Can I show that this function is surjective?

Question

Let $f : \mathbb{R} \to \mathbb{R}$ be a function such that

$$f(x+f(x))+f(x-f(x))=x$$

for all $x \in \mathbb{R}$. Can I conclude that $f$ is surjective? If so, how can I prove it?

Answer 1

Note that for all $x \in \Bbb R$, there exist real numbers $a = x + f(x)$ and $b = x - f(x)$ such that $$ x = f(a) + f(b) $$ Let $S$ denote $f(\Bbb R)$, i.e. the image of $f$. It's clear that $\{c + d : c,d \in S\} = \Bbb R$ (more concisely, $S + S = \Bbb R$).

If we know that $f$ is continuous, then the above allows us to conclude that $f$ is surjective. In particular, it suffices to state that because $S + S$ is not bounded above and not bounded below, $S$ is also not bounded above and not bounded below. Because $S= f(\Bbb R)$ is also connected, we can conclude that $f(\Bbb R) = \Bbb R$.

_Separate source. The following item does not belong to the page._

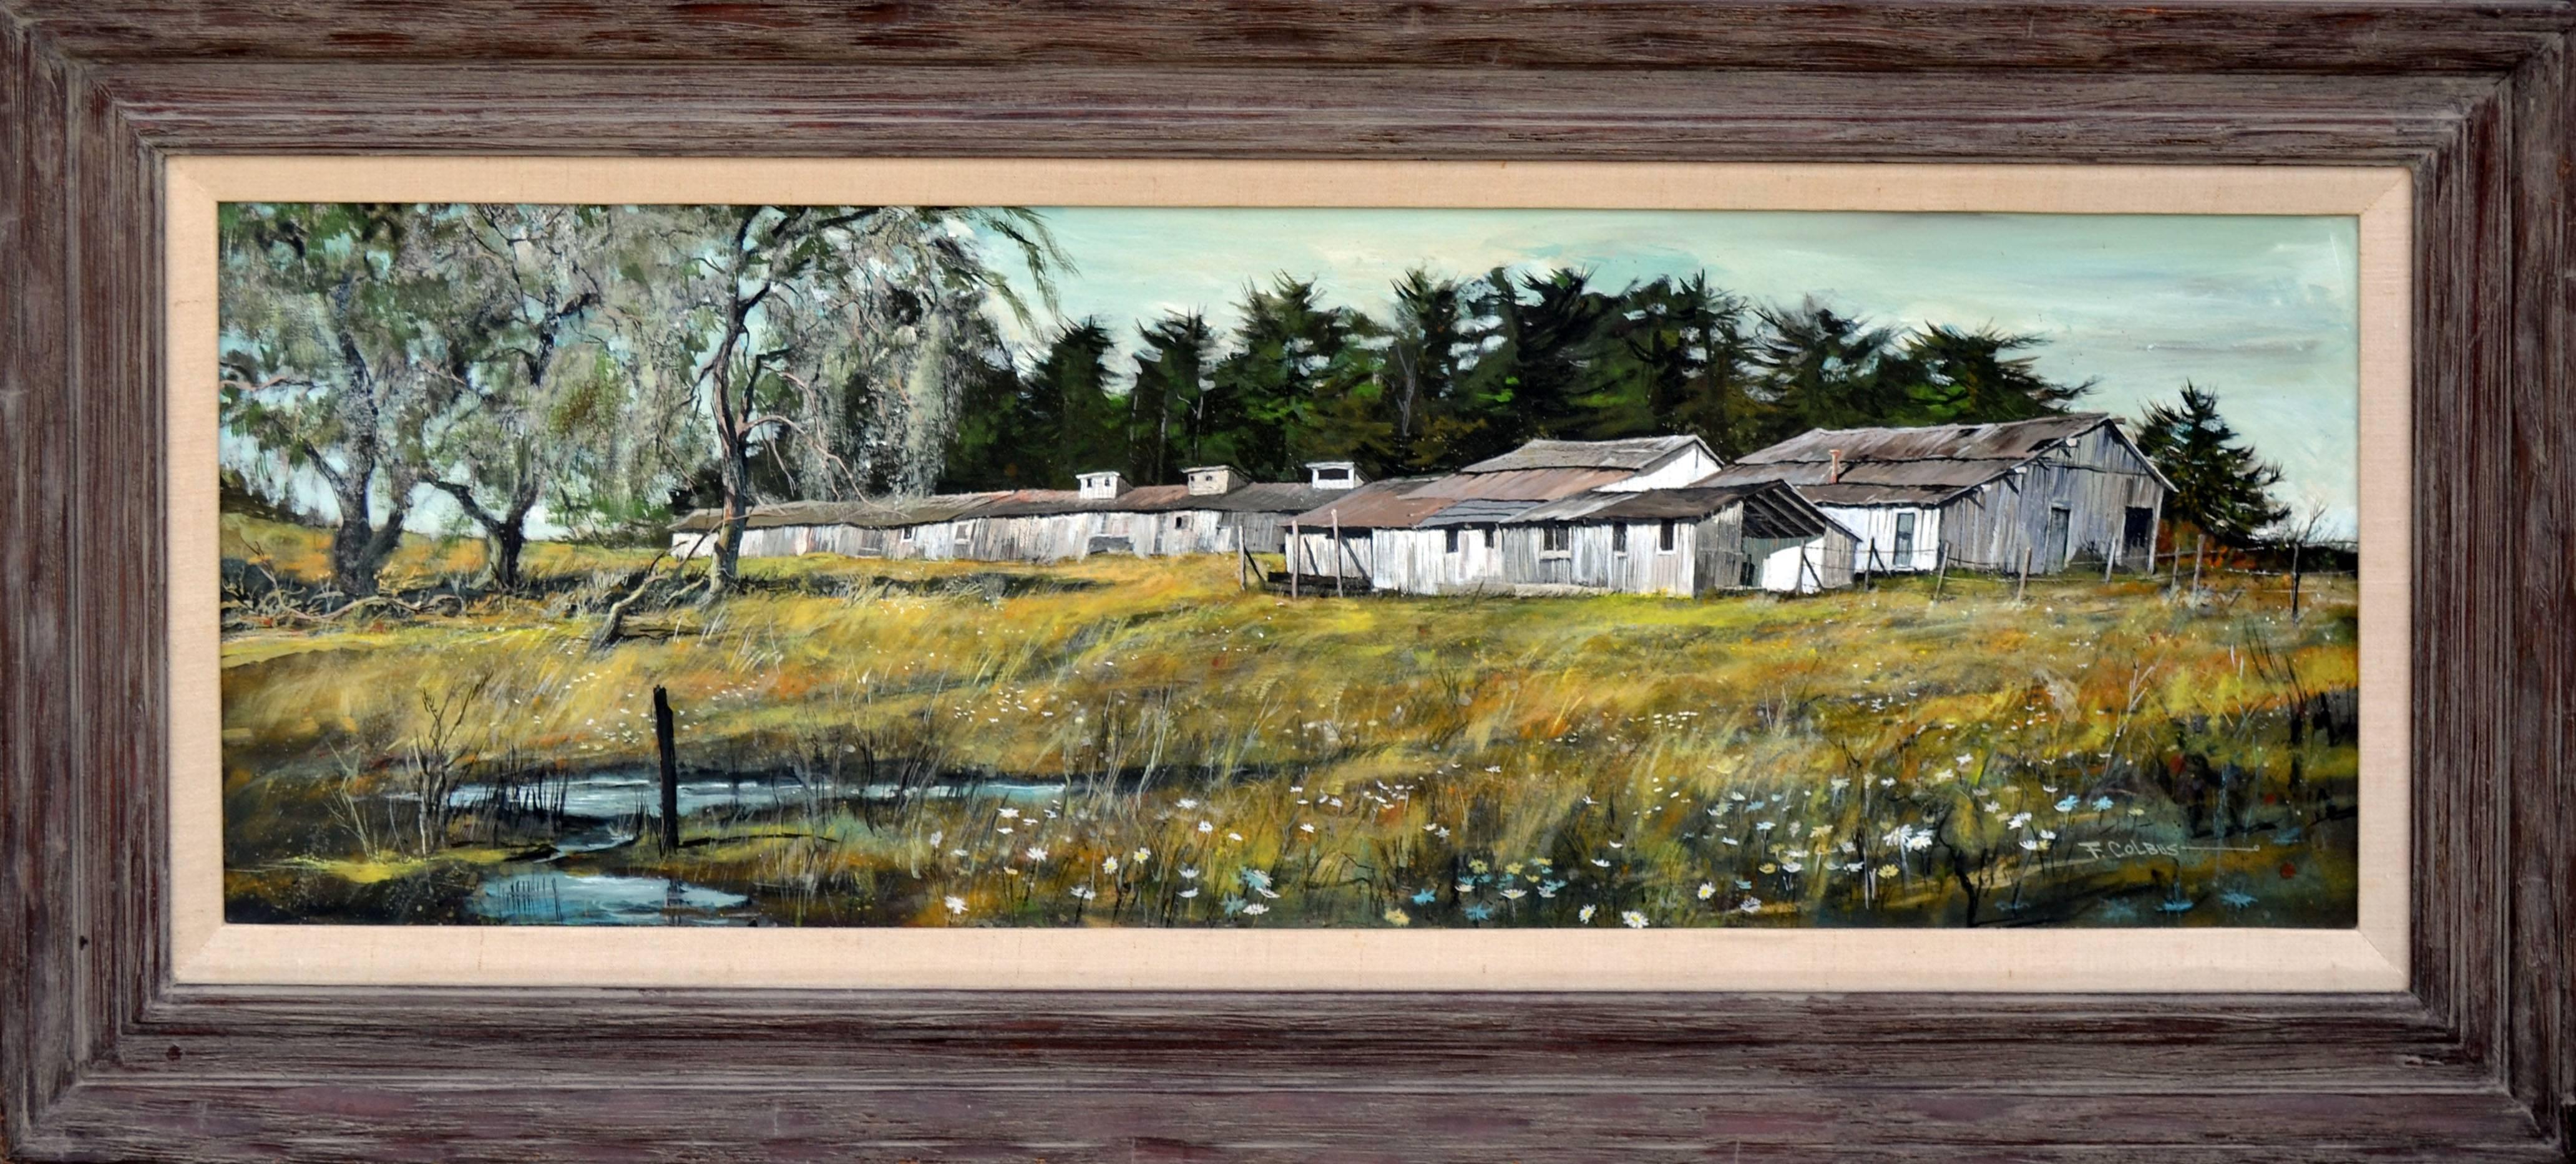 Frederick Colbus Landscape Painting - Landscape of Egg Barns in Bonny Doon, California

If we are to answer this without the assumption of continuity, things get tricky. In order for $f$ to fail to be surjective, $S$ would need to be such that $S + S = \Bbb R$ with $S \neq \Bbb R$. It is not obvious to me that this should be possible without invoking the axiom of choice. Even if we could find such an $S$, it is unclear how one could get $f$ to actually satisfy the functional equation.